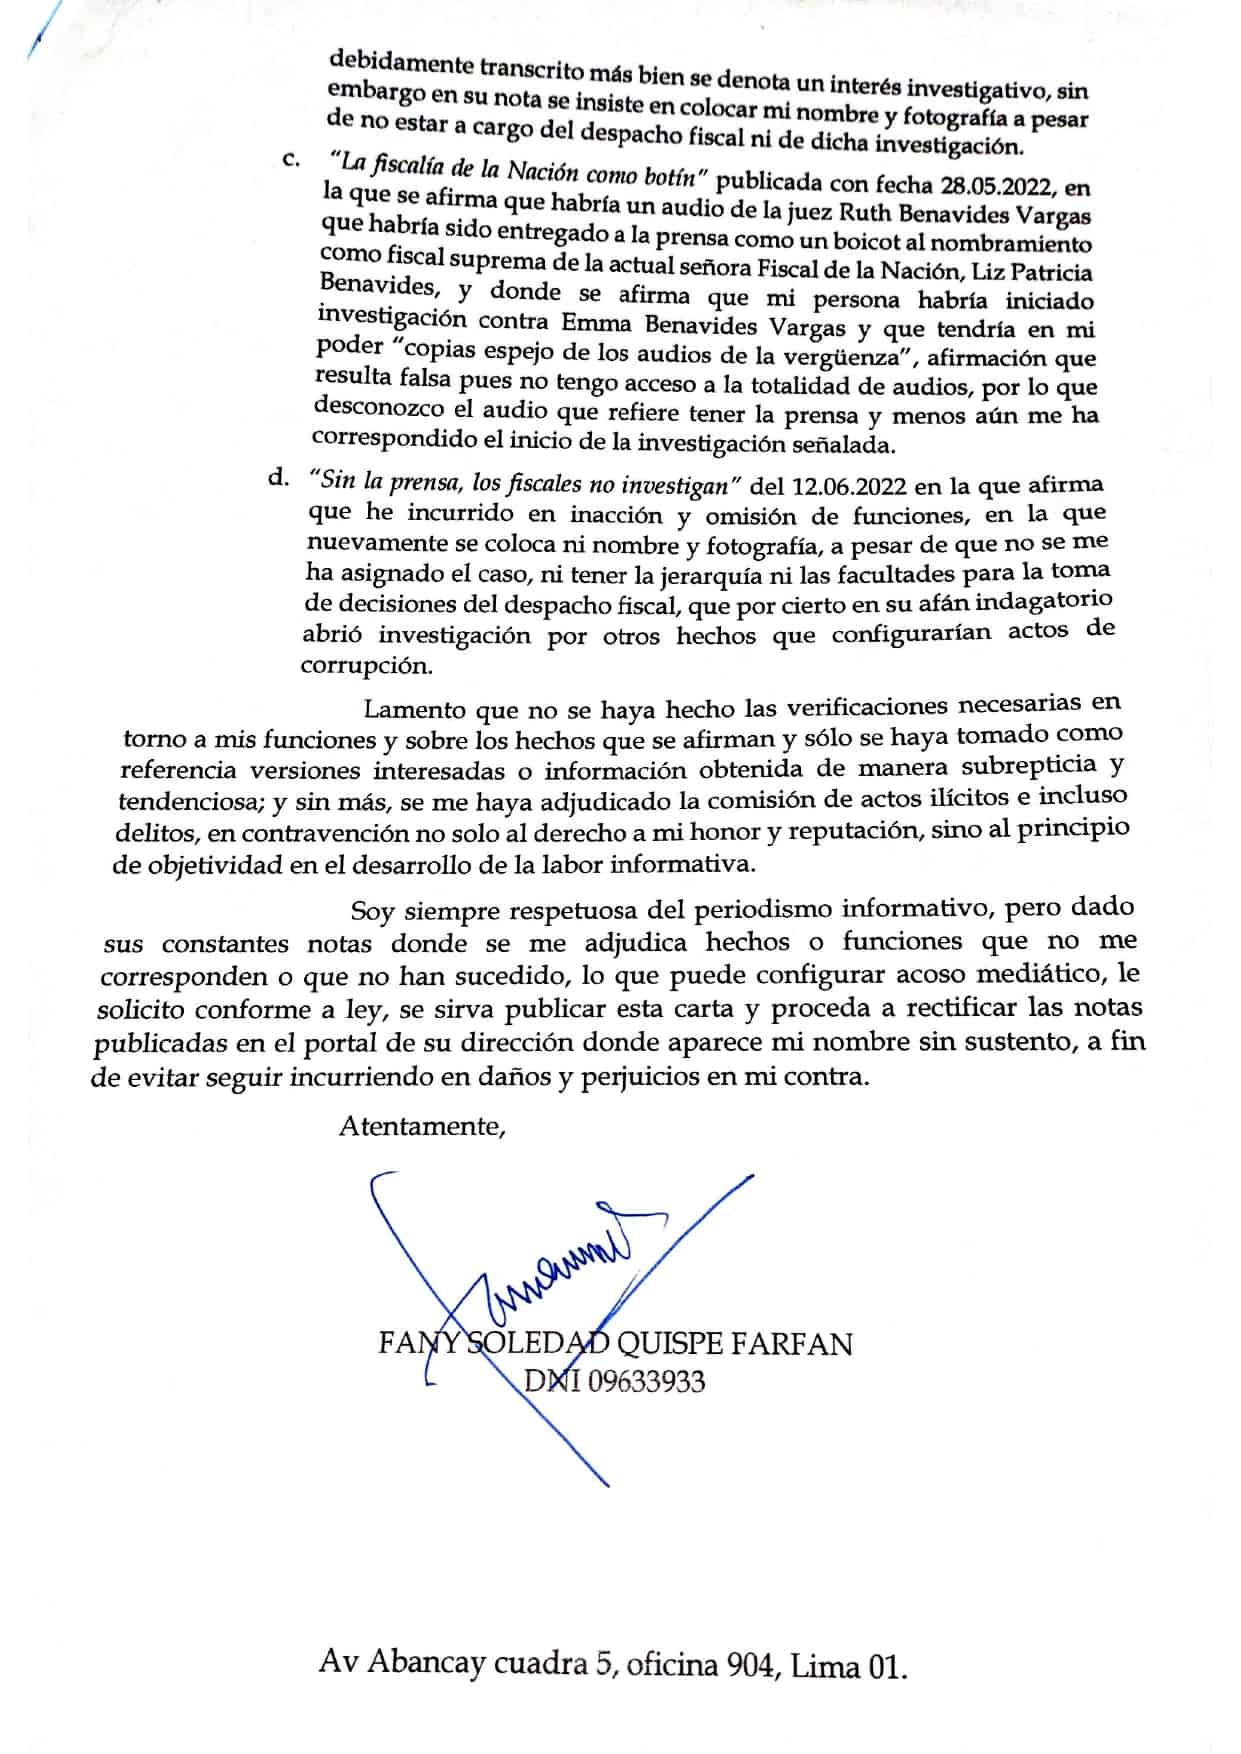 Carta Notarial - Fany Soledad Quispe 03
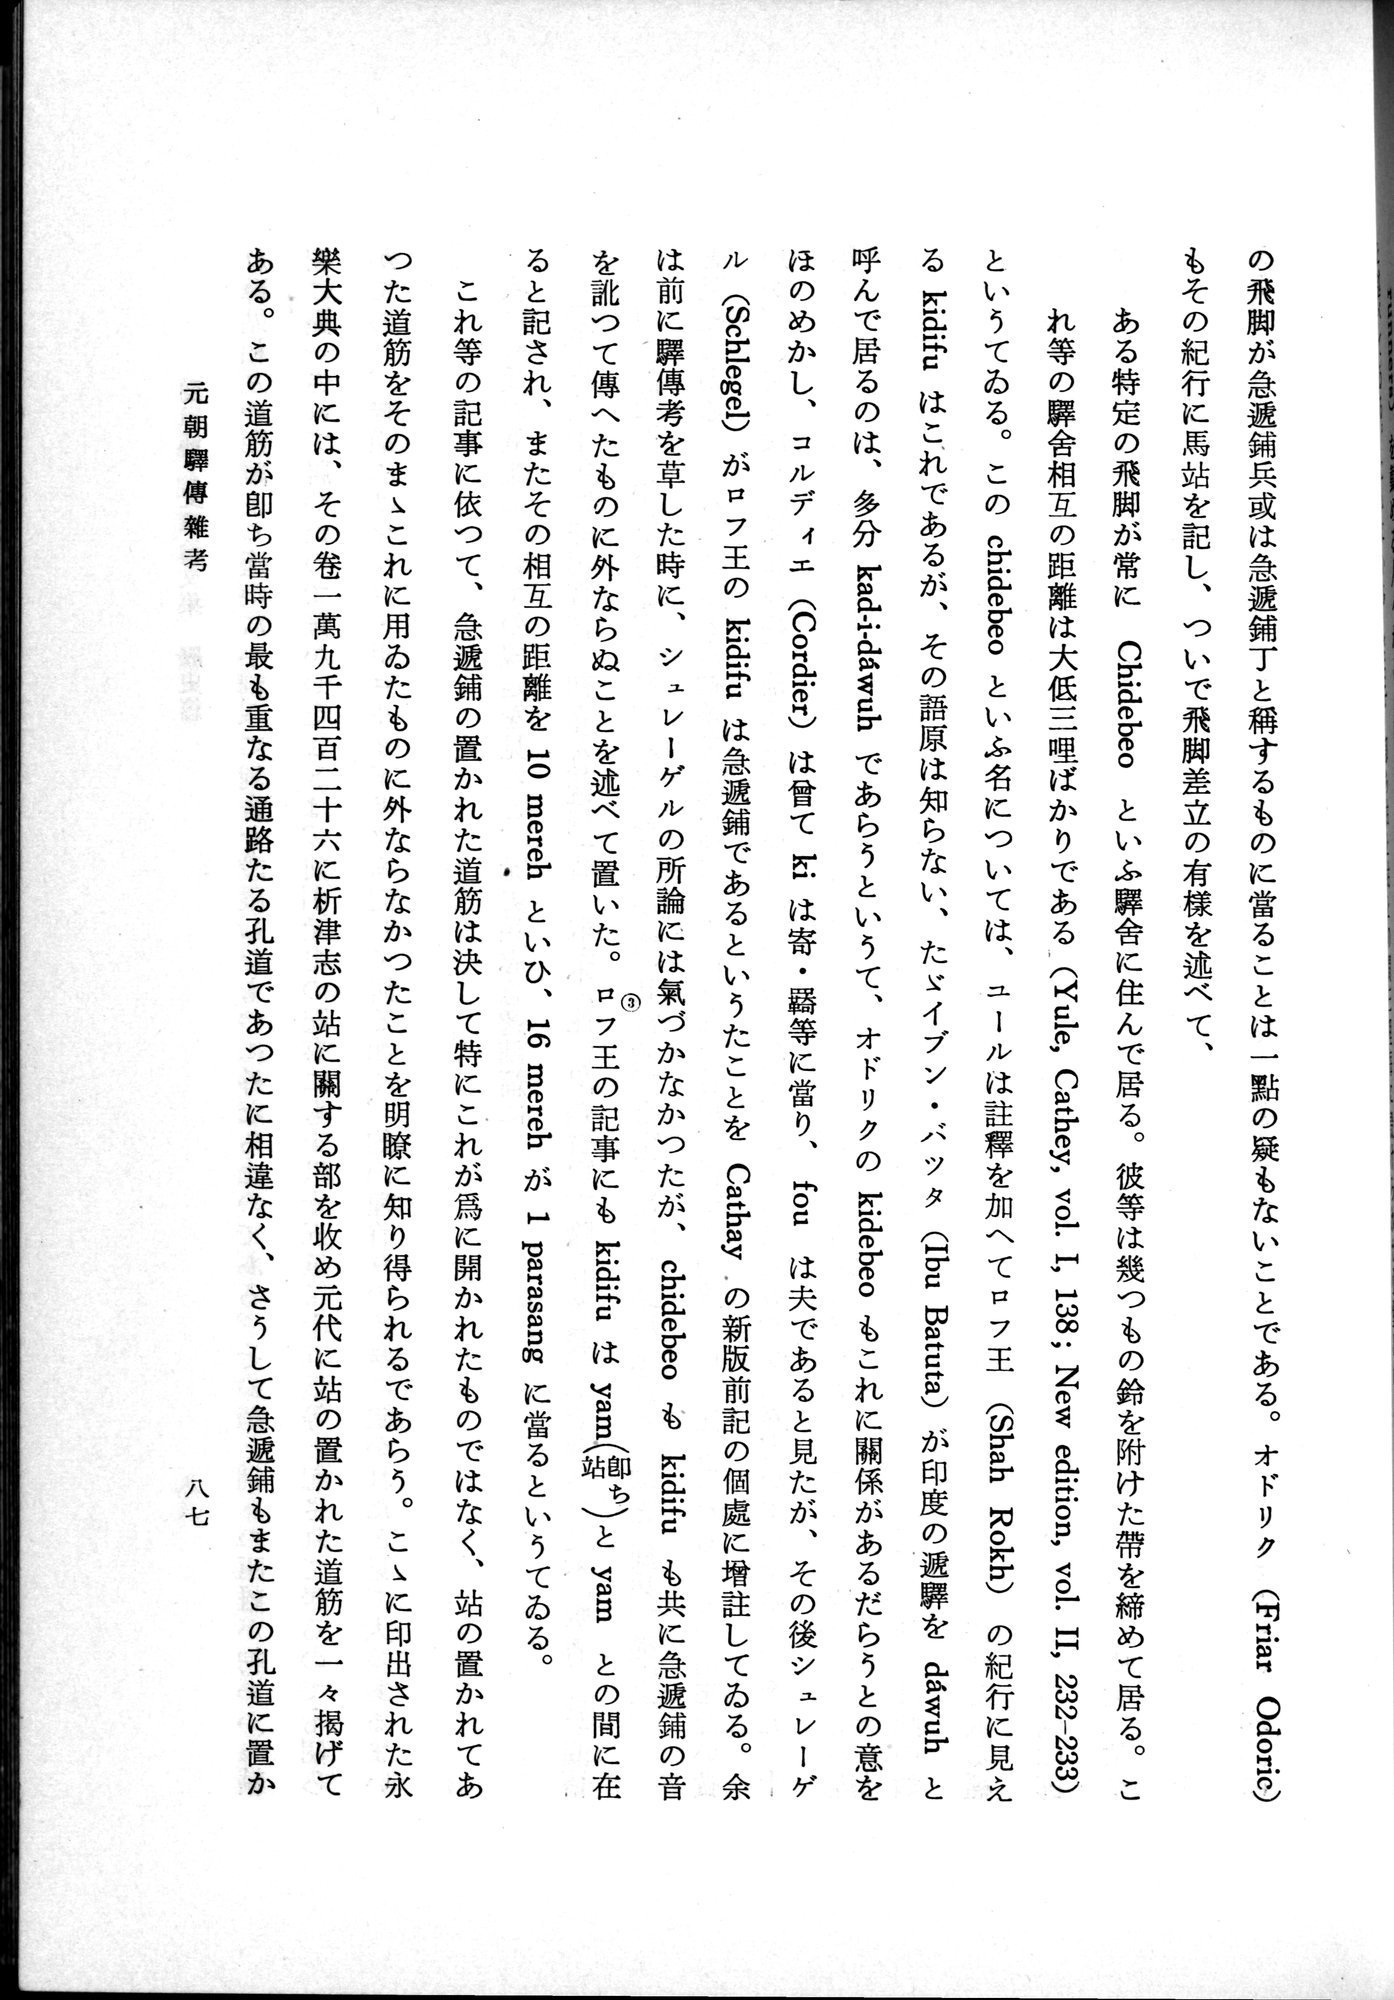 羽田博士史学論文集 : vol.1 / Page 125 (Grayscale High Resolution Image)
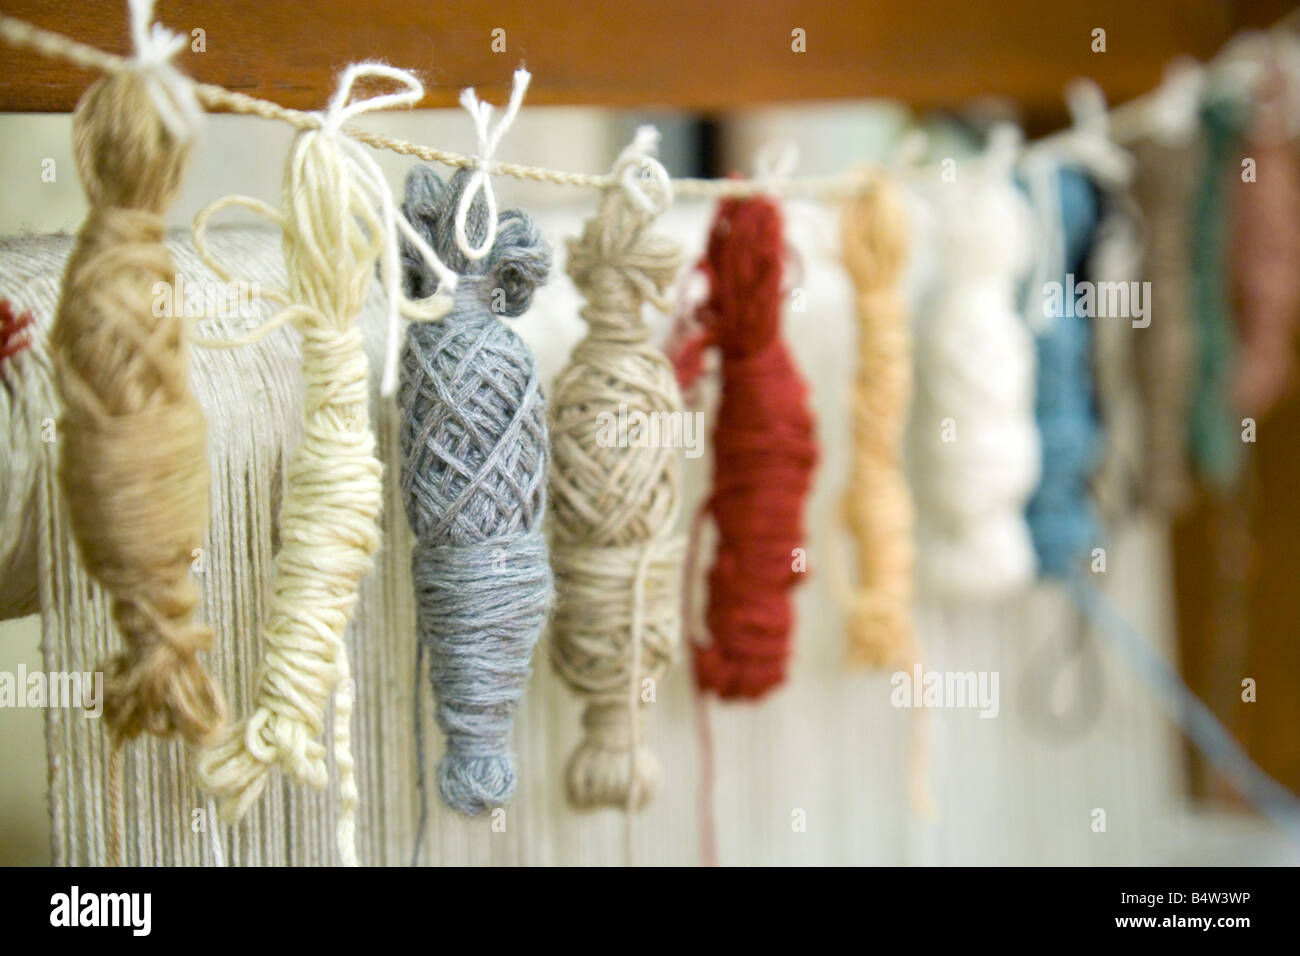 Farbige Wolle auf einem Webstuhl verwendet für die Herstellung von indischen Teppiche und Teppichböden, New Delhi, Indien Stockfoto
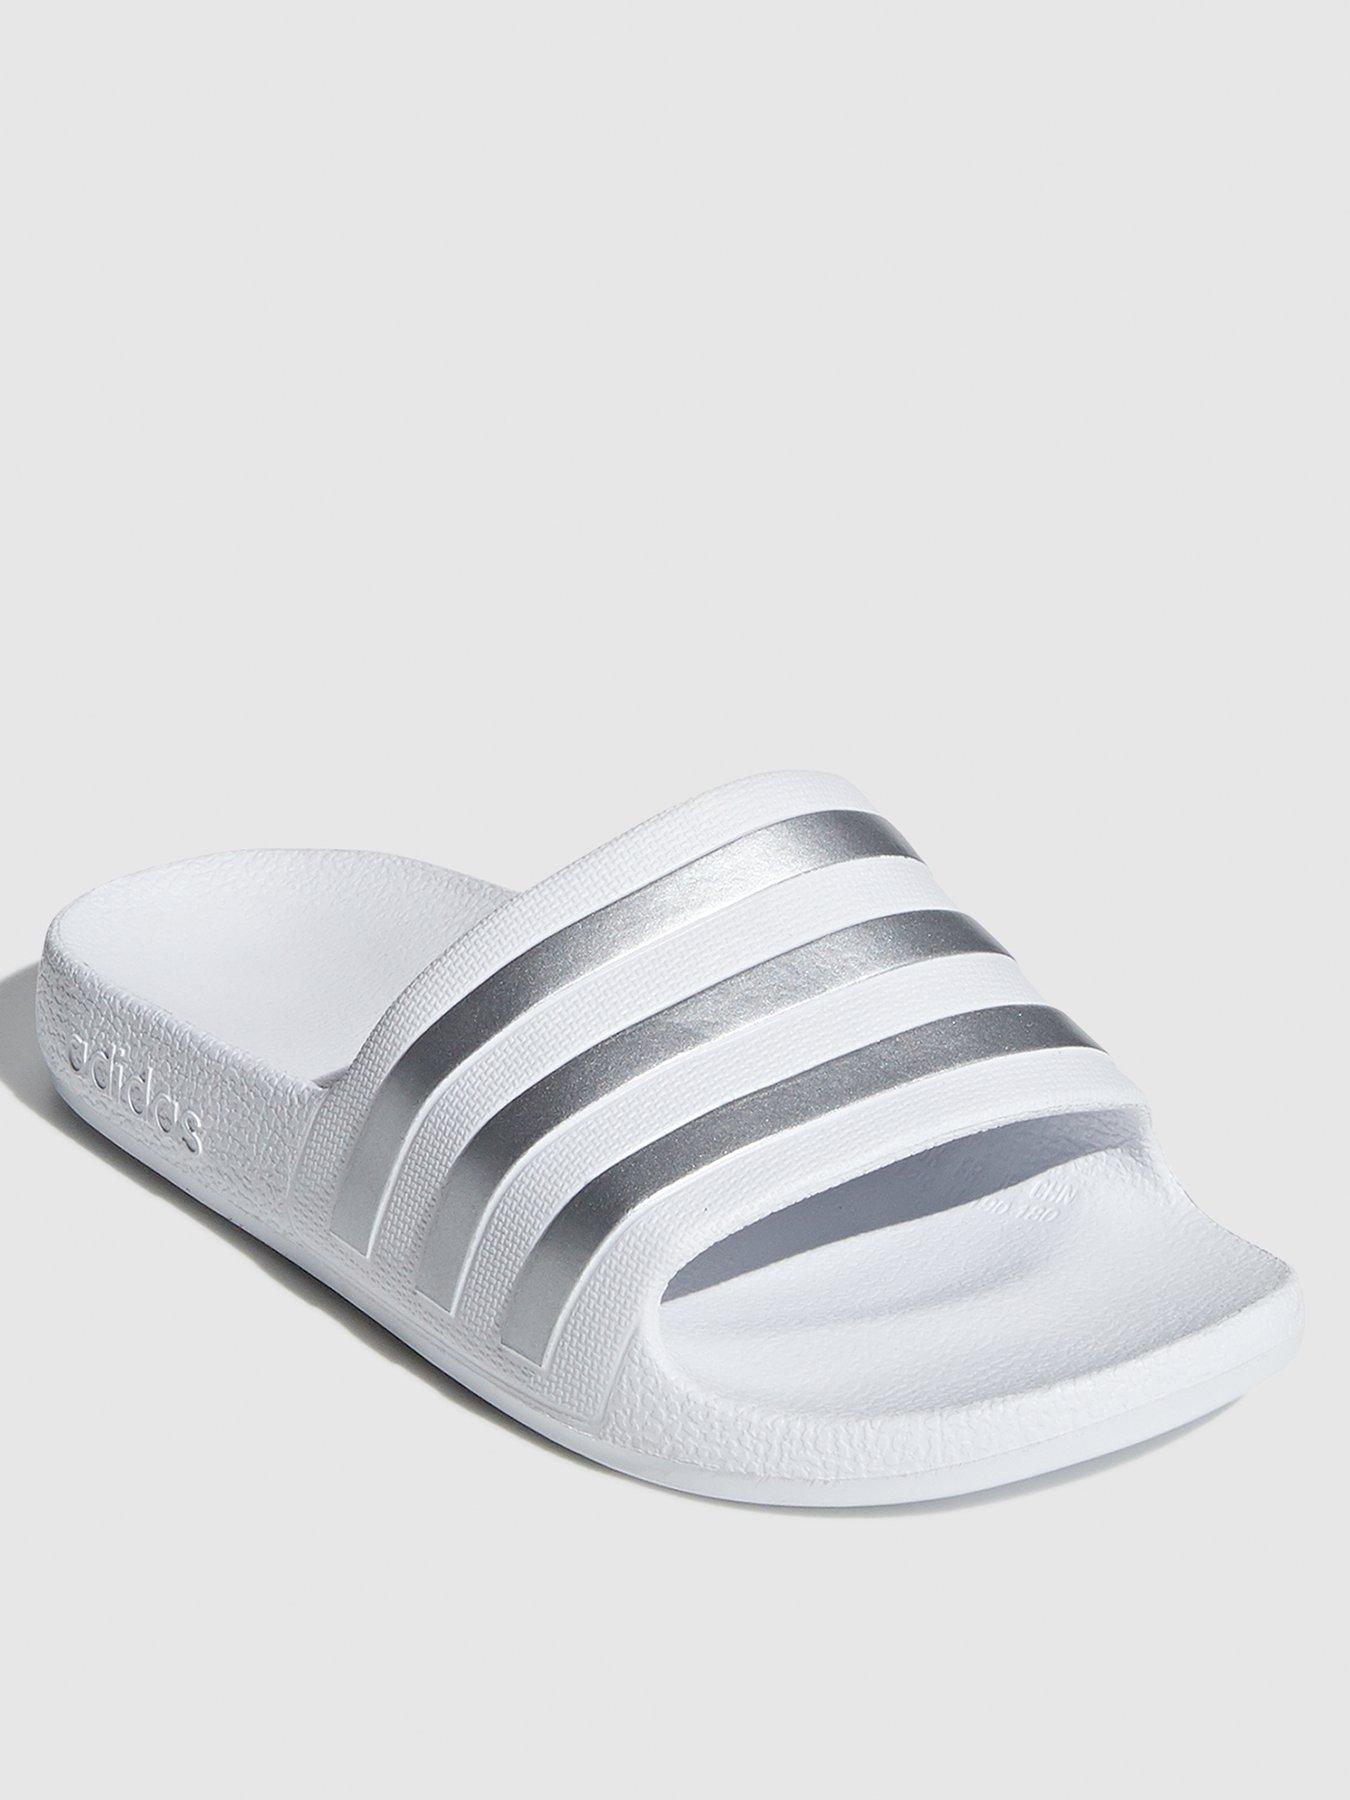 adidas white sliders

— The task —
Give the listing above again in its entirety and exactly; do not include the pictures.

— Exercise answer —
 Carta Notarial - Fany Soledad Quispe 03
 羽田博士史学論文集 : vol.1 / Page 125 (Grayscale High Resolution Image)
 Farbige Wolle auf einem Webstuhl verwendet für die Herstellung von indischen Teppiche und Teppichböden, New Delhi, Indien Stockfoto
 adidas white sliders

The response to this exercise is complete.